* **Task objective**:
Output only the lines below from the one holding "Aishwarya rai nude photo hd-2550" down to the one holding "A front garden with a verandah and lighting.", both end lines included and every picture dropped.

* **Supplied information**:
★ ★ ★ ★ ★ ★ ★

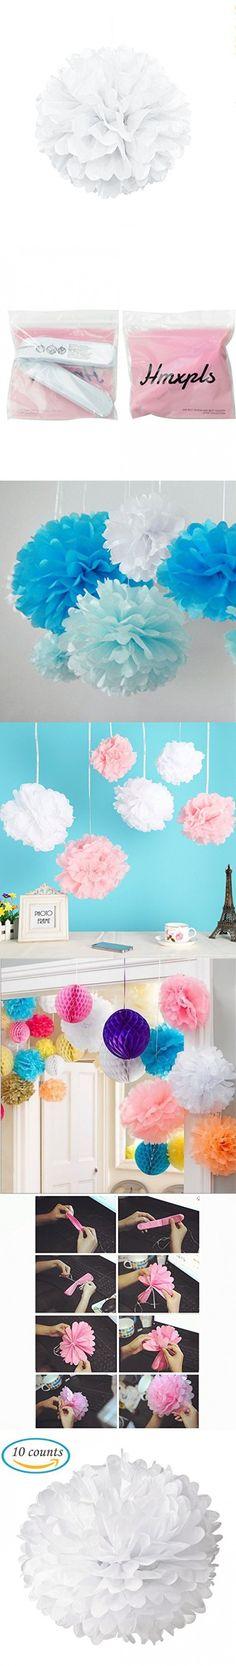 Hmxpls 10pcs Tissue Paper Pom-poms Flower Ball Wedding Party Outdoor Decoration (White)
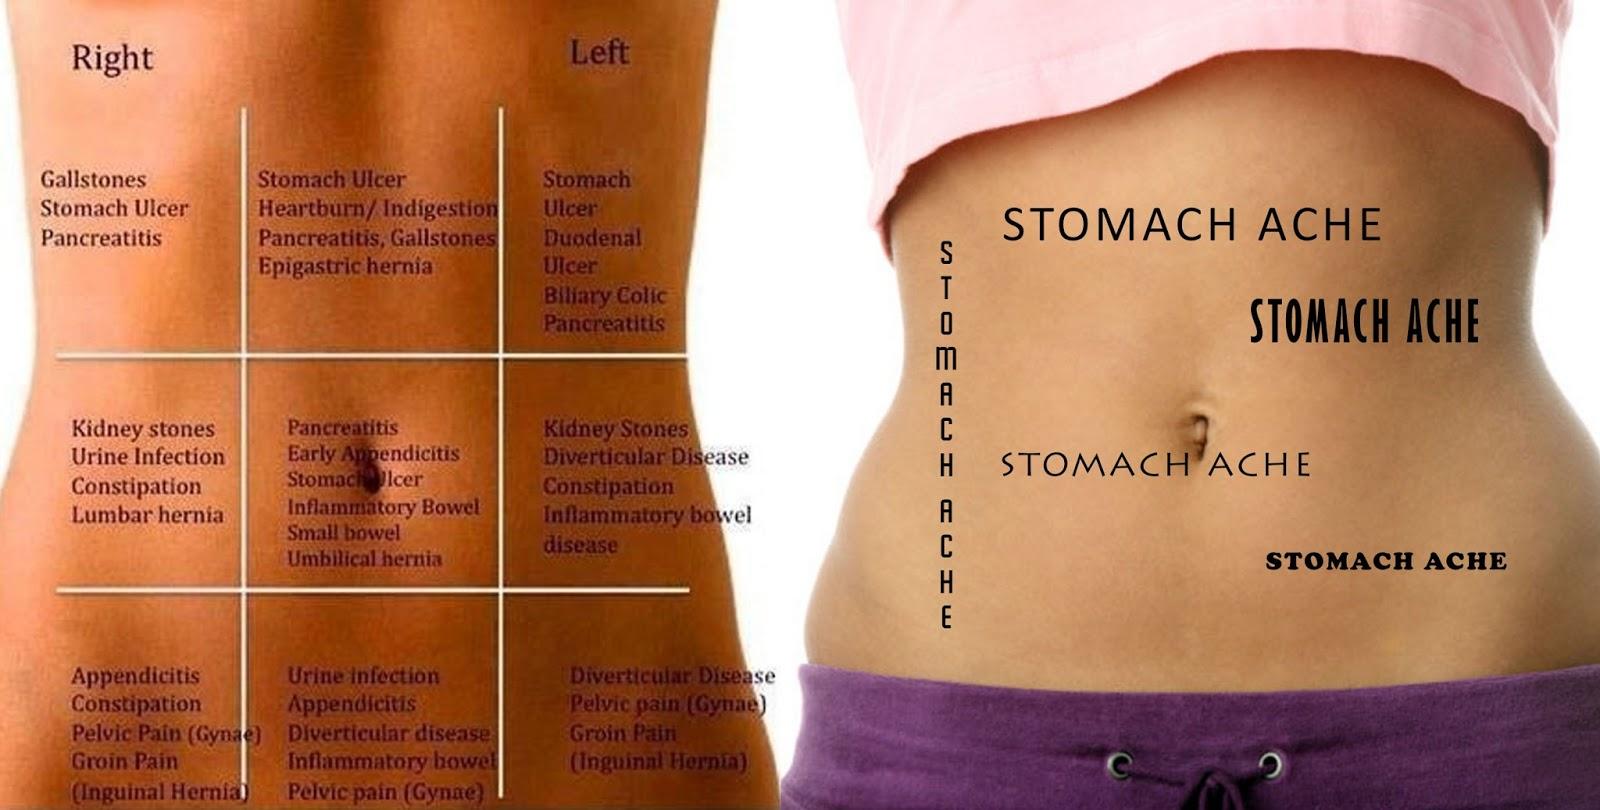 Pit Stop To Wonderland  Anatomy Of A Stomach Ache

★ ★ ★ ★ ★ ★ ★

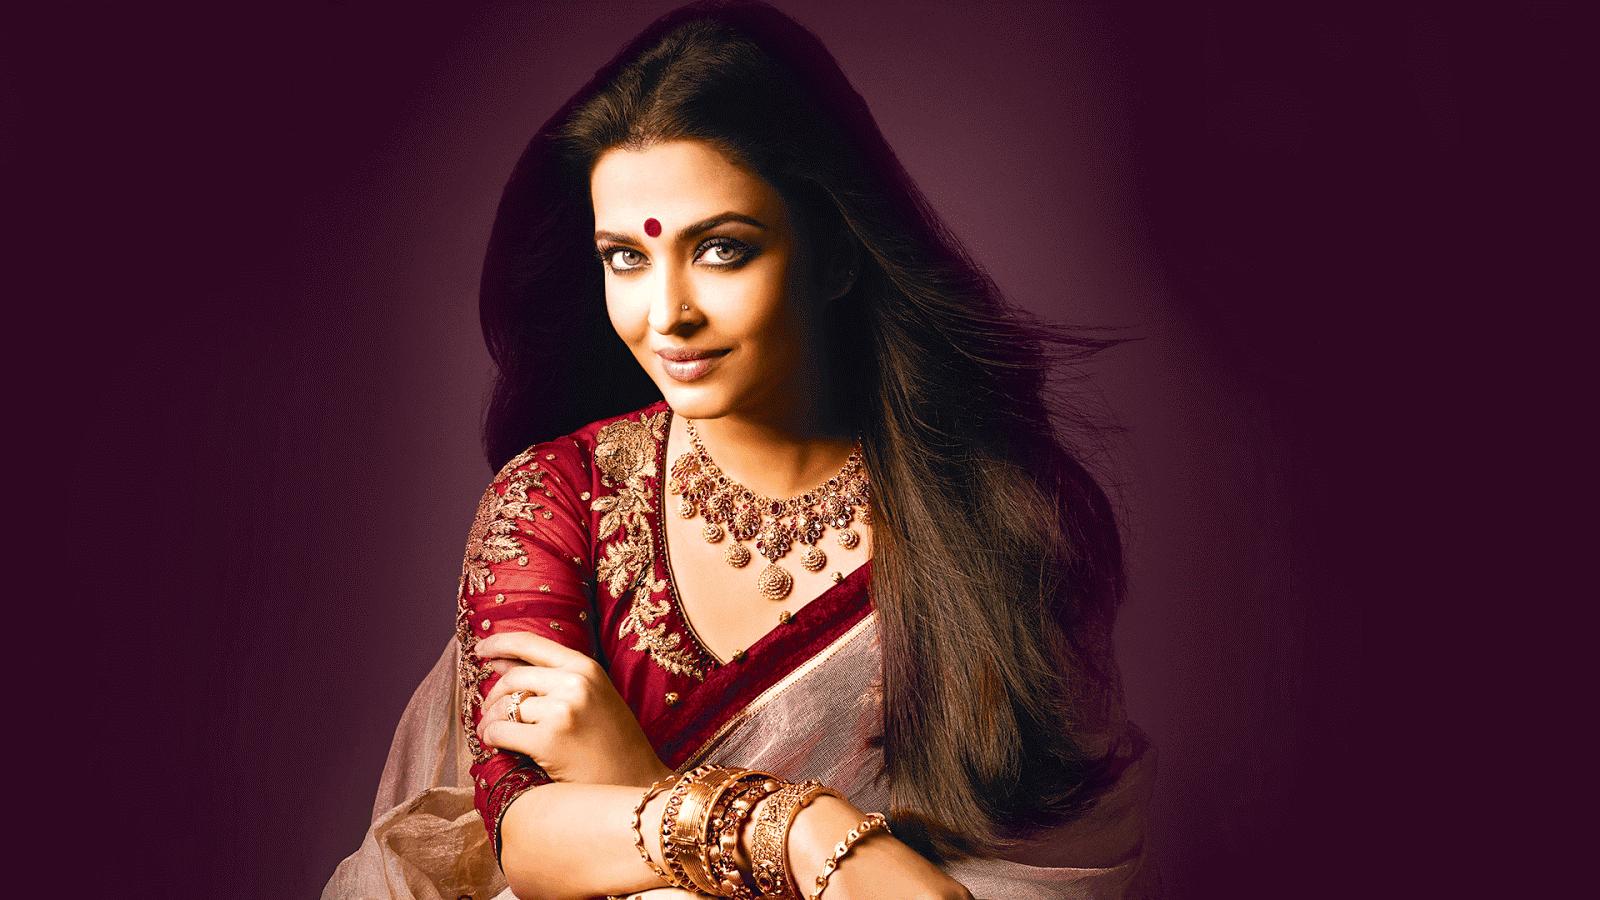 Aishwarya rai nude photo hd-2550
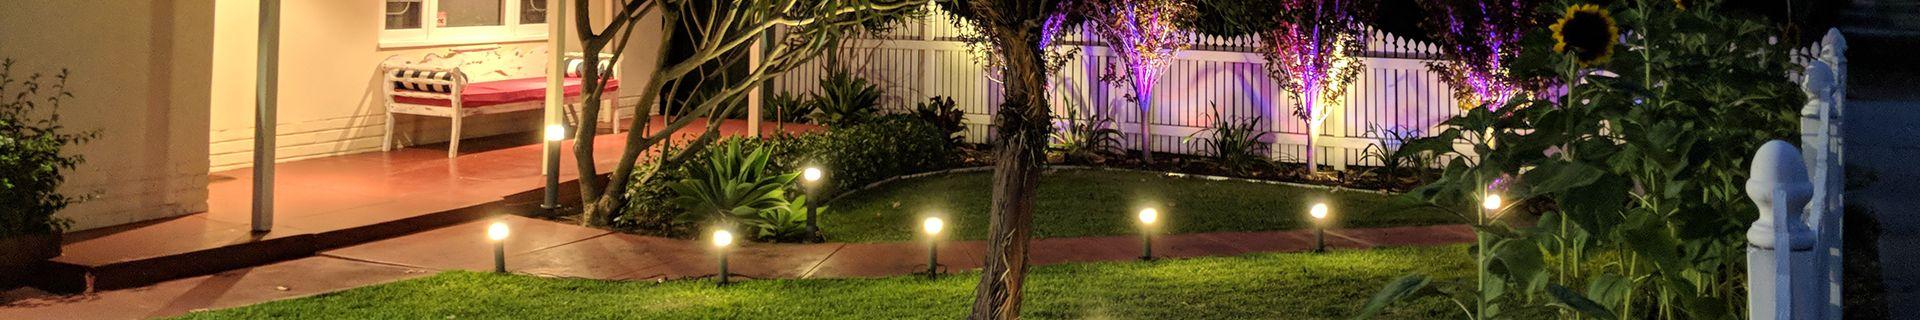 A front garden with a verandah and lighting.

★ ★ ★ ★ ★ ★ ★

* **Reply**:
 Aishwarya rai nude photo hd-2550
 A front garden with a verandah and lighting.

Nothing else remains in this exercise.